Menurut Susi, saat ini, perhatian Pemkot terhadap kesehatan cukup
besar dan banyak membantu dirinya dan teman-teman yang terkena HIV/AIDS.
Tidak Sebarkan Penyakit
Sementara, Nur Sholeh, Tenaga Kesejahteraan Sosial Kecamatan (TKSK)
Krembangan, mengungkapkan, masih banyak WPS yang saat ini dibina
pemerintah melalui TKSK.
Di kecamatannya, ada 40 orang yang dibina TKSK secara menyeluruh.
"Tindakan kami, mengontrol mereka. Apakah sudah minum obat, tanggal
sekian waktunya periksa, dan bagaimana persediaan obatnya," ucapnya.

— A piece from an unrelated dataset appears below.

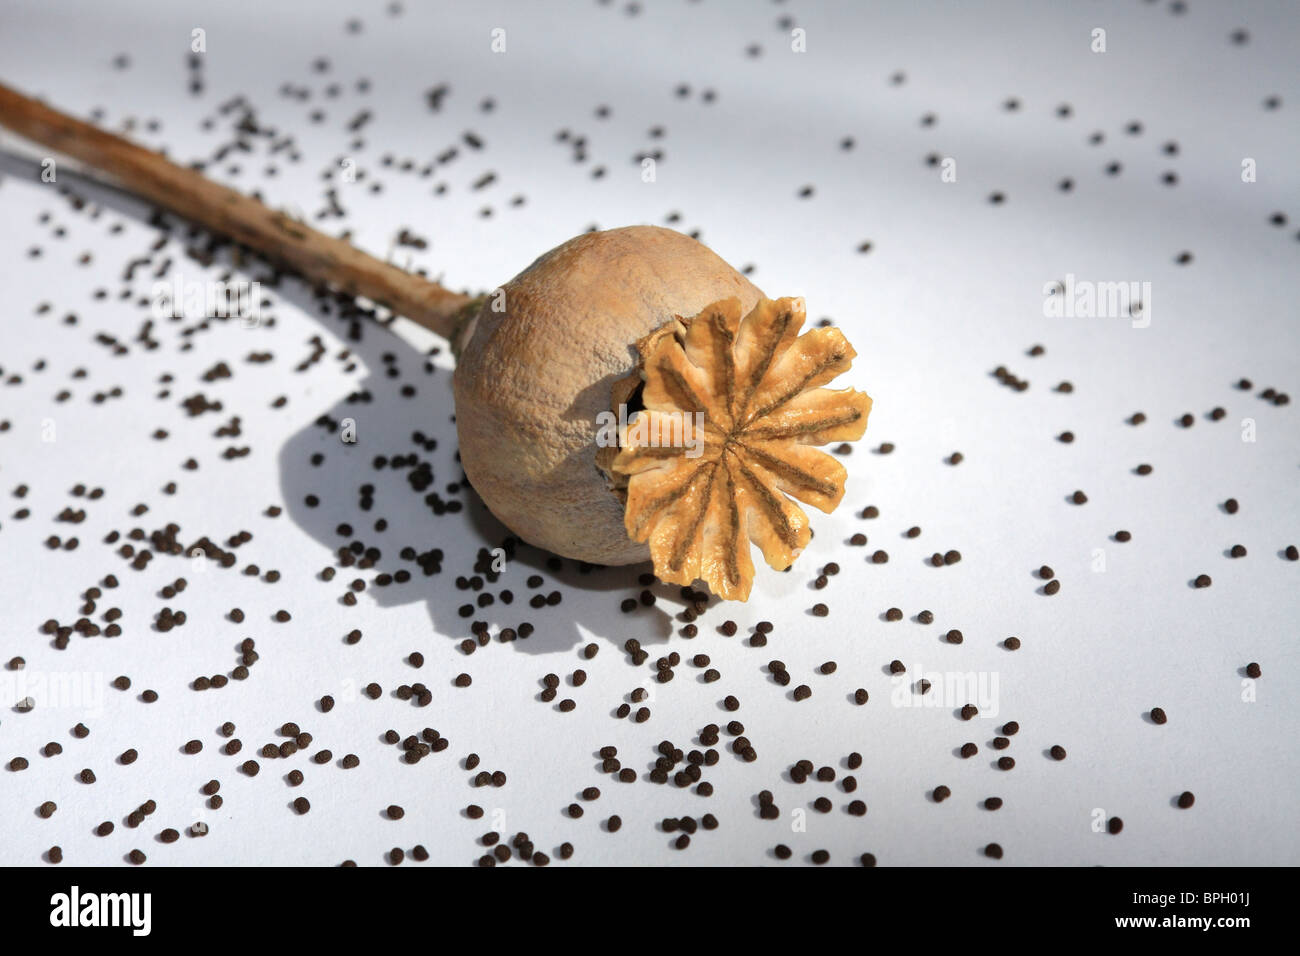 Semilla de amapola cabeza con semillas, Surrey, Inglaterra. Foto de stock

Termasuk menguatkan mental mereka, meyakinkan bahwa mereka tidak
sendiri. Ini karena mereka terkadang down dan tidak bisa mengontrol
emosi.
Menurut Nur Sholeh, banyak pengidap HIV/AIDS yang kurang care dengan
kesehatannya. Mereka malas minum obat dan ketika obat habis tidak
langsung mengambil ke puskesmas dan RS. "Kami yang mengingatkan,"
katanya.
Hal senada juga disampaikan Wulan, pendamping Yayasan Orbit.

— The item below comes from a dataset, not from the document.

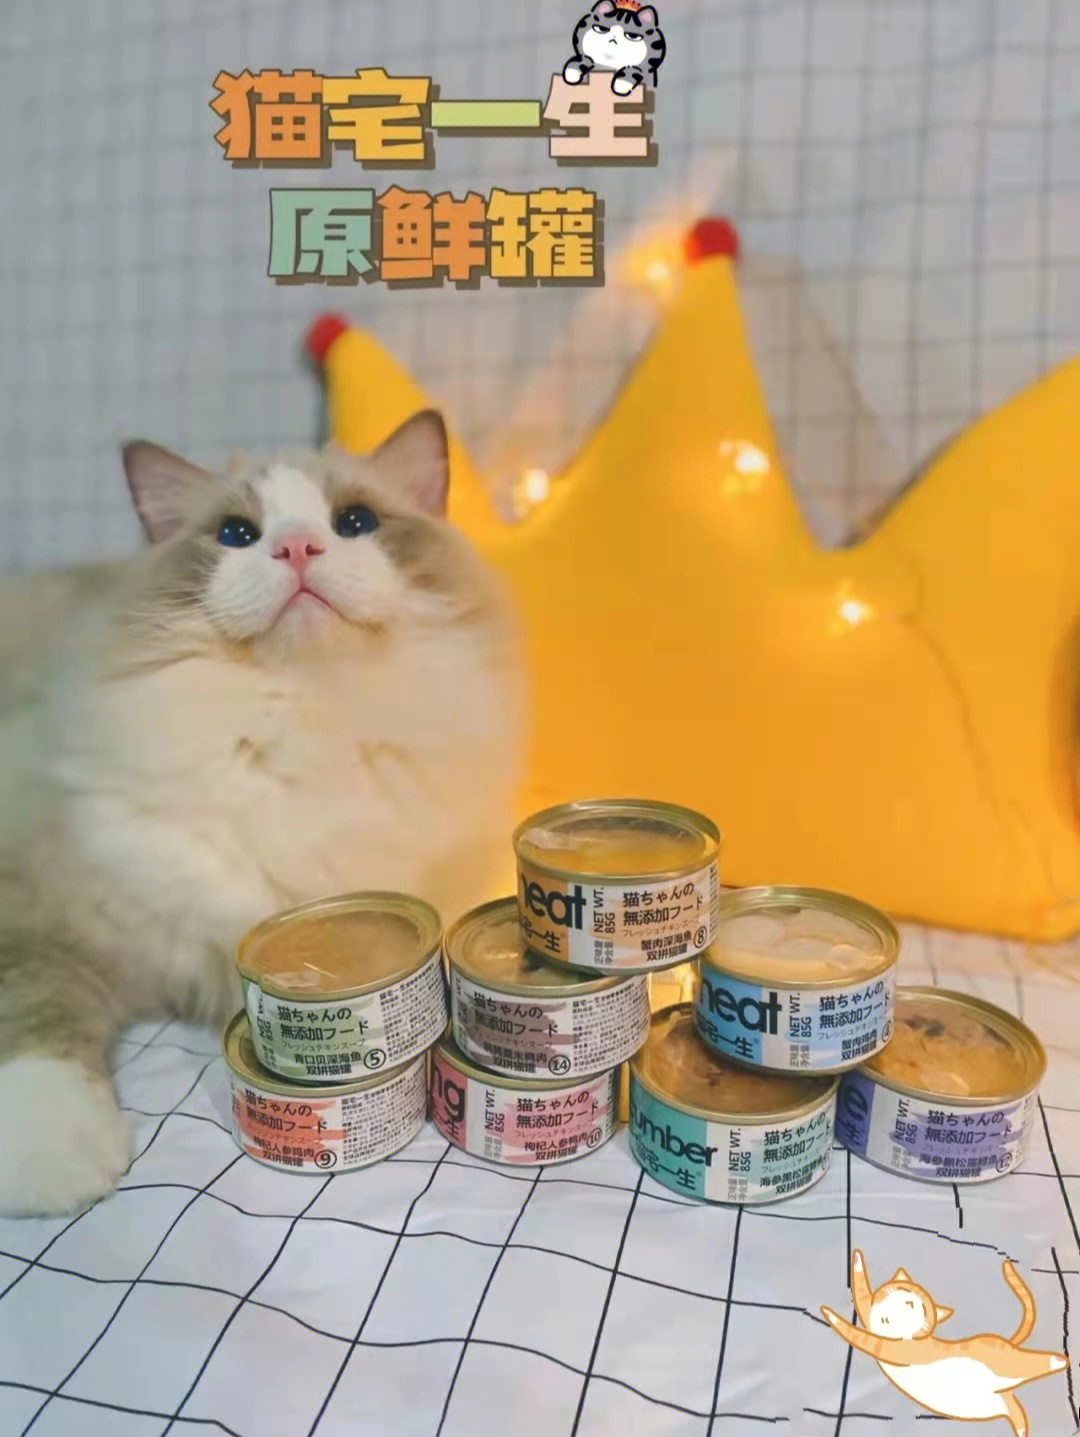 芙兰朵猫罐头图片

Menurutnya, hal yang konsen disampaikan dalam pendampingan, adalah tidak
menyebarkan penyakitnya.
Sebab ada WPS yang mengetahui dirinya HIV positif justru balas
dendam. "Ngajak anak-anak muda dengan harga murah. Makanya kami mencoba
mendampingi mereka untuk stop," ujar Wulan.
Meski lokalisasi sudah tutup, para eks WPS masih banyak yang membuka
praktik on call. Ini menjadi ancaman bagi penyuka jajan atau lelaki
hidung belang.
"Tetap jangan anggap remeh saat berhubungan seks. Harus menggunakan
kondom, jangan hanya demi nikmat sejenak akhirnya mau ditulari penyakit
yang hingga kini belum ada obatnya," pungkas Wulan.